[R] "It's not just memorizing the training data" they said: Scalable Extraction of Training Data from (Production) Language Models

wojcech@alien.top · 10 months ago

[R] "It's not just memorizing the training data" they said: Scalable Extraction of Training Data from (Production) Language Models

gwern@alien.top · 10 months ago

No, I still think it’s not that surprising even taking it as a whole. Humans memorize things all the time after a single look. (Consider, for example, image recognition memory.) If a NN can memorize entire datasets after a few epoches using ‘a single small noisy step of gradient descent over 1-4 million tokens’ on each datapoint once per epoch, why is saying that some of this memorization happens in the first epoch so surprising? (If it’s good enough to memorize given a few steps, then you’re just haggling over the price, and 1 step is well within reason.) And there is usually not that much intrinsic information in any of these samples, so if a LLM has done a good job of learning generalizable representations of things like names or phone numbers, it doesn’t take up much ‘space’ inside the LLM to encode yet another slight variation on a human name. (If the representation is good, a ‘small’ step covers a huge amount of data.)

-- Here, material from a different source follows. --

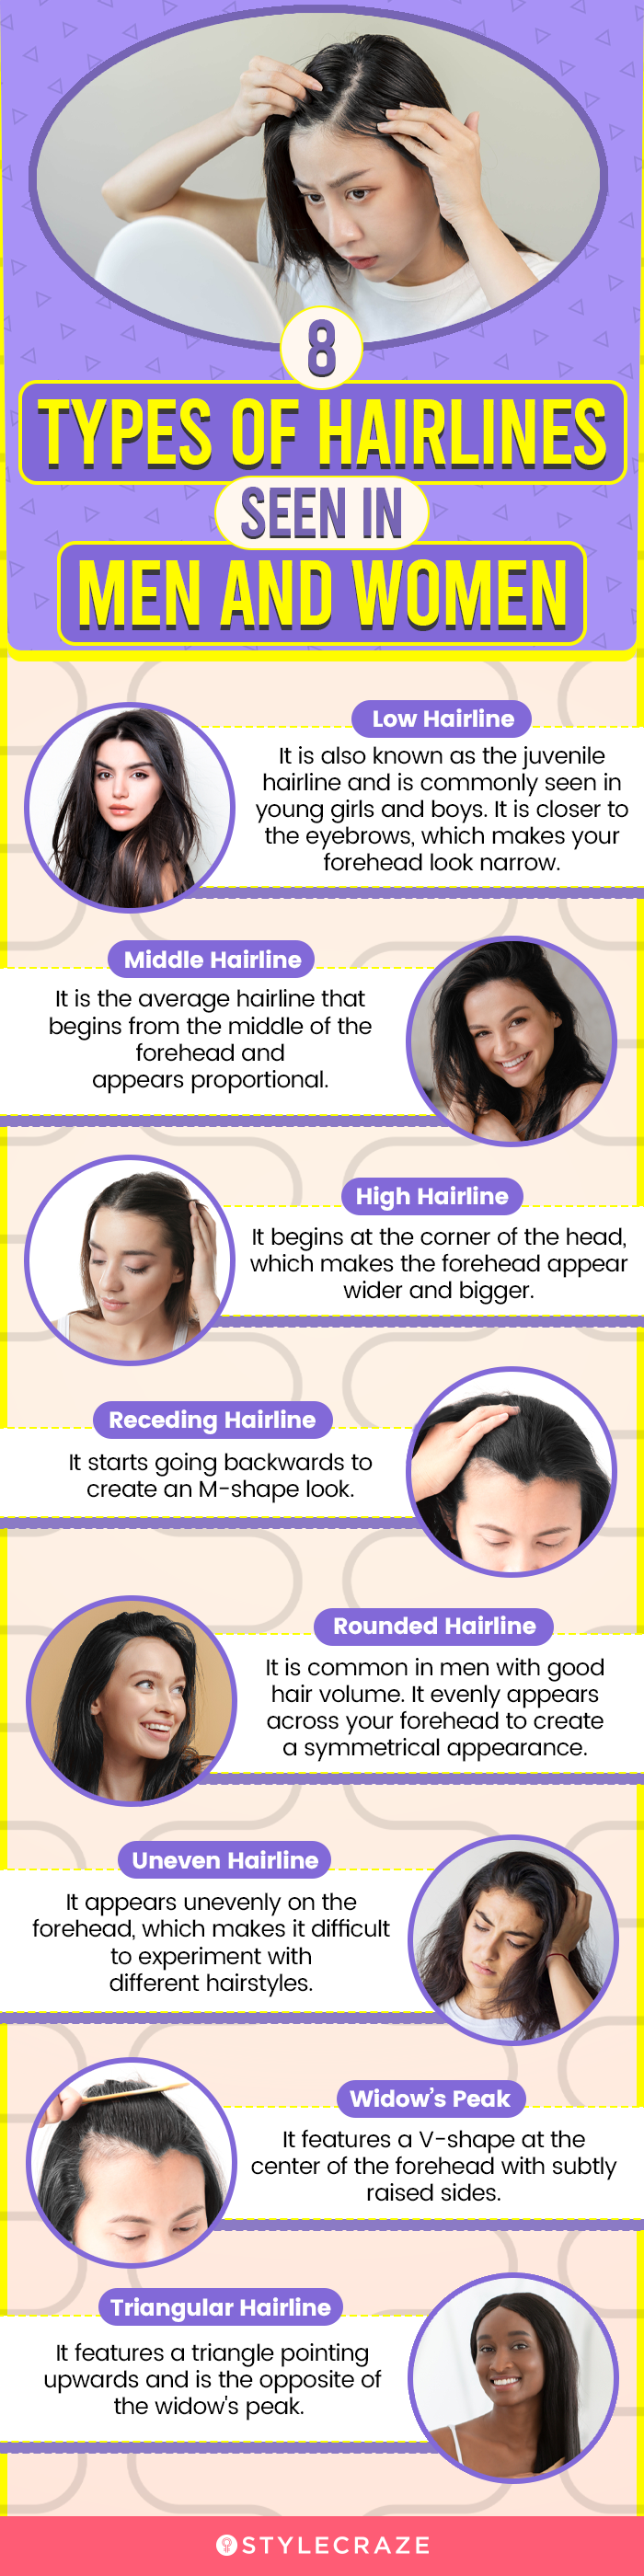 8 types of hairlines seen in men and women (infographic)

Plus, you are overegging the description: it’s not like it’s memorizing 100% of the data on sight, nor is the memorization permanent. (The estimates from earlier papers are more like 1% get memorized at the first epoch, and OP estimates they could extract 1GB of text from GPT-3/4, which sounds roughly consistent.) So it’s more like, ‘once every great once in a while, particularly if a datapoint was very recently seen or simple or stereotypical, the model can mostly recall having seen it before’.

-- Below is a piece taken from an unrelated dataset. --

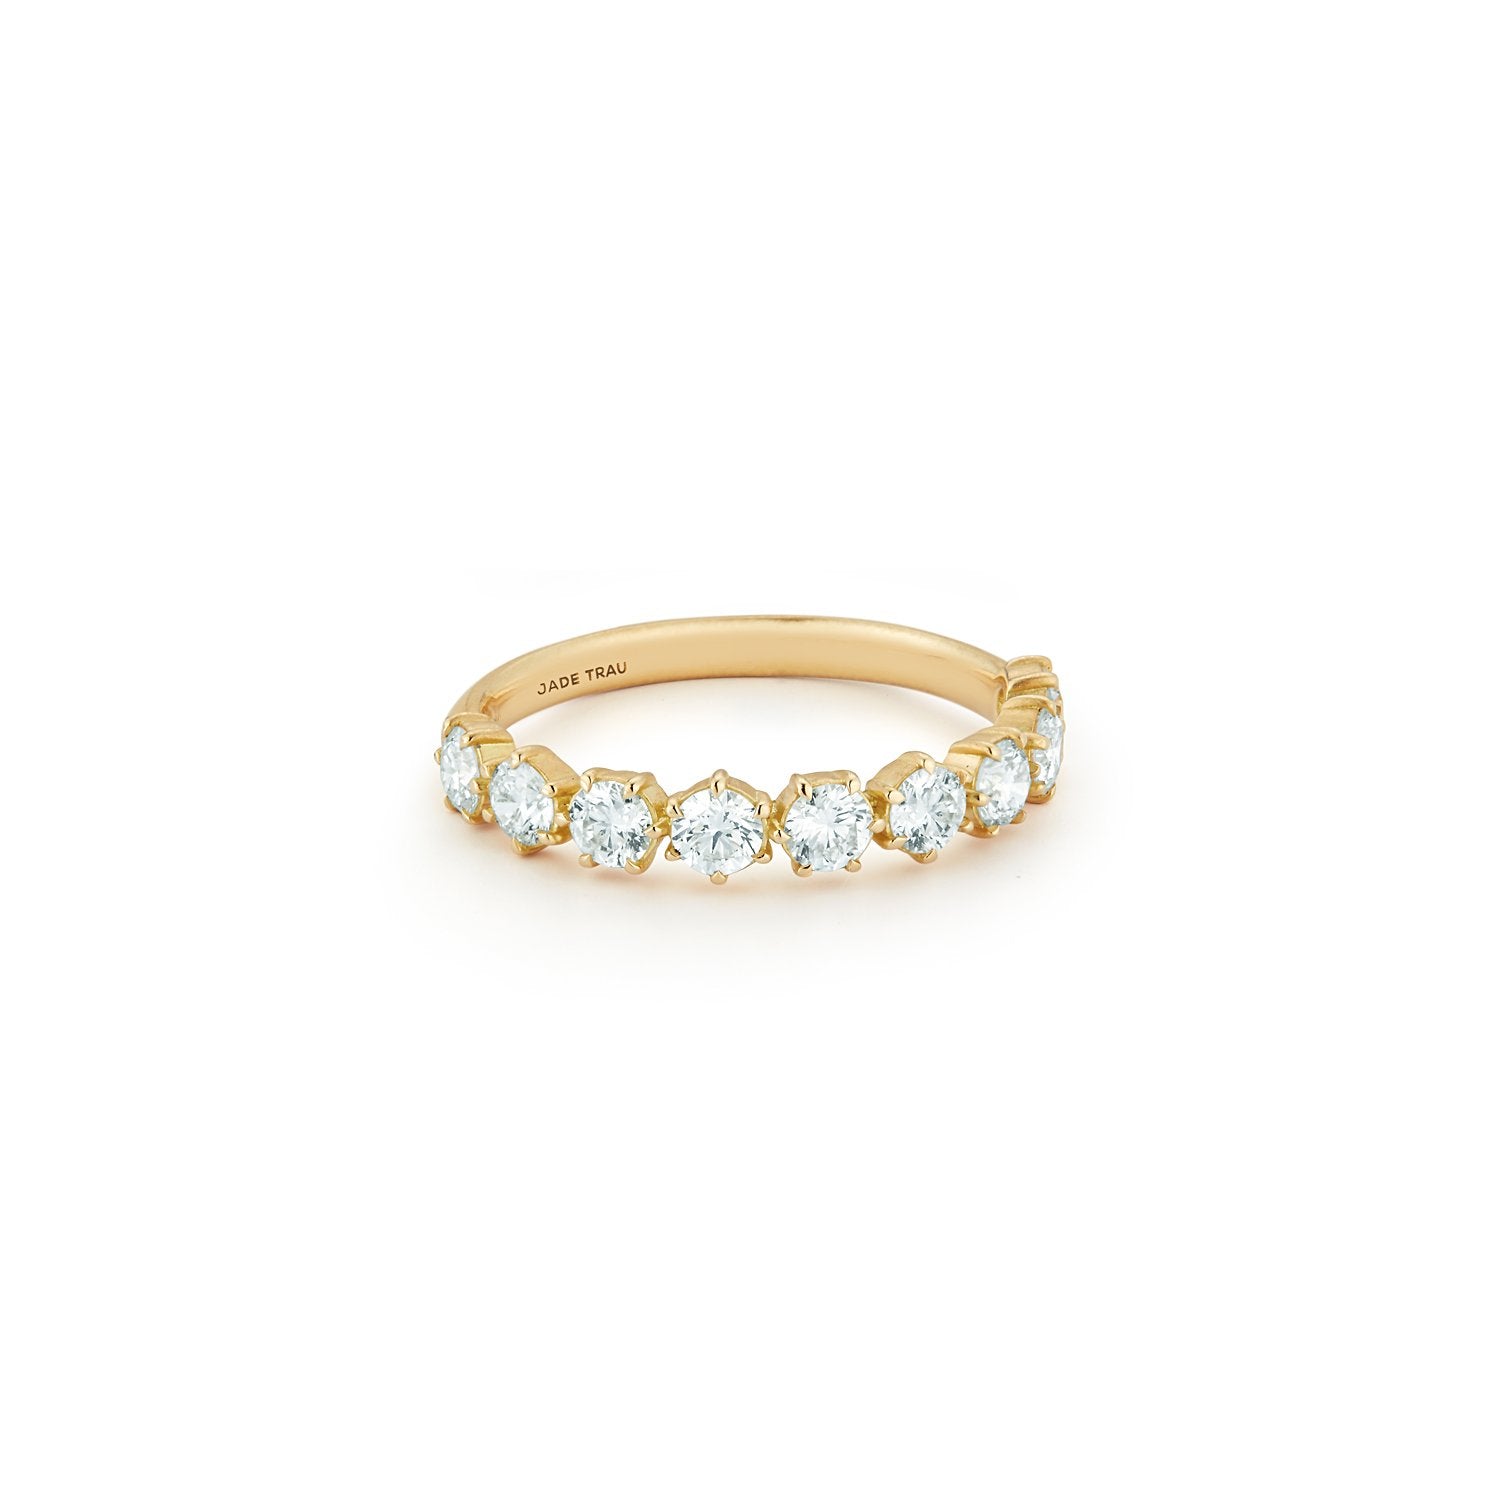 Catherine 1/2 Way Eternity No. 2 in 18K Yellow Gold

zalperst@alien.top · 10 months ago

I appreciate your position, but I don’t think your intuition holds here, for instance biological neural nets very likely use a qualitatively different learning algorithm than back propagation.

zalperst@alien.top · 10 months ago

I appreciate that it’s possible to find a not-illogical explanation (logical would entail a real proof), but it remains surprising to me.

ThirdMover@alien.top · 10 months ago

Humans memorize things all the time after a single look.

I think what’s going on in humans there is a lot more complex than something like a single SGD step updating some weights. Generally if you do memorize something you replay it in your head consciously several times.